A superficial comparison shows that the two samples are similar.
A more detailed comparison, say by converting each of them to `DataFrame`s and using `isapprox`, would show they are the same samples.

However, their execution times and the amount of storage used when generating, say, 10,000 samples are very different.

In [21]:
rng = MersenneTwister(6354789)
@time [onepars(rng, pars) for i in 1:10_000];

  0.095813 seconds (488.83 k allocations: 41.115 MiB, 10.72% gc time)


In [22]:
rng = MersenneTwister(6354789)
@time simslr(rng, pars, 10_000);

  0.005245 seconds (10.02 k allocations: 1.146 MiB)


The optimized version is over 10 times faster and requires much less memory and fewer allocations than the original version.

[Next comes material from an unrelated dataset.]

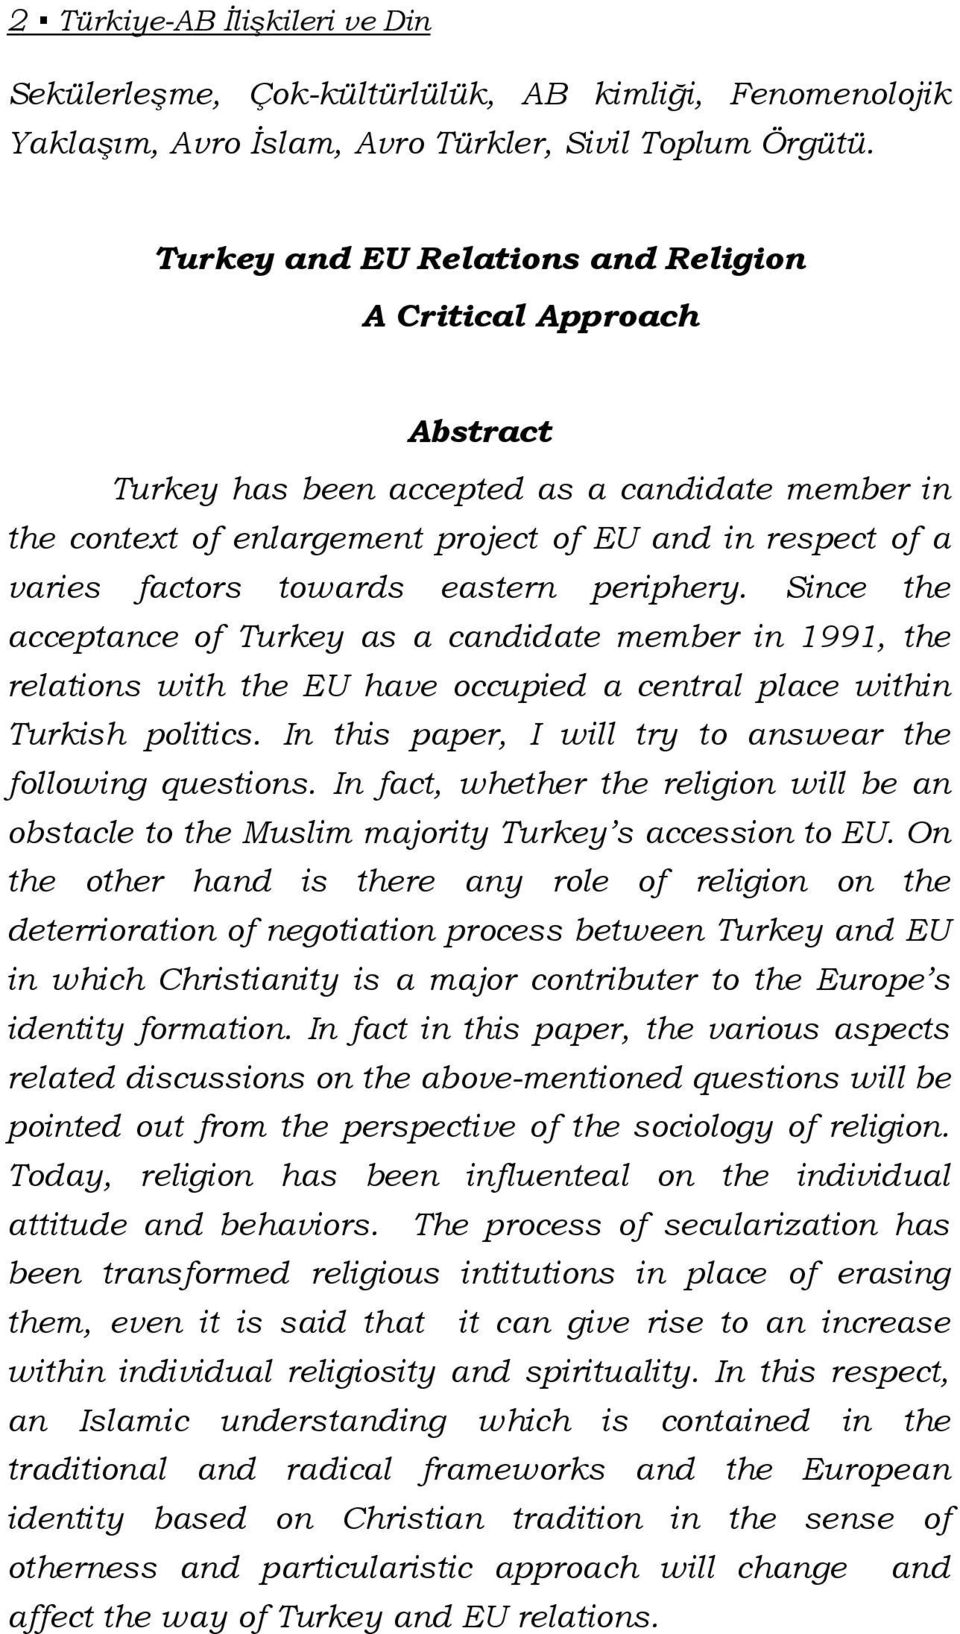 eastern periphery. Since the acceptance of Turkey as a candidate member in 1991, the relations with the EU have occupied a central place within Turkish politics.

The savings in memory allocations and usage come from the fact that all of the memory to be used, except for the storage of the result itself, is allocated before entering the simulation loop and re-used within the loop.
Unlike R, Julia allows a function to modify its arguments if they are composite structures like vectors.
It is customary to append "!" to the names of such _mutating_ functions, like `lmul!` (multiply, in-place, on the left) and `ldiv!` (divide, in-place, on the left).

Also, in the simulation loop itself, the vector `y` is filled in with the fixed part of the response plus the random noise in an inner loop.
This is the exact opposite of the programming style favored in R and Python where loops are avoided at all cost.
In Julia a loop is a perfectly fine way of programming an iterative operation; there is no need to perform contorsions to "vectorize" operations.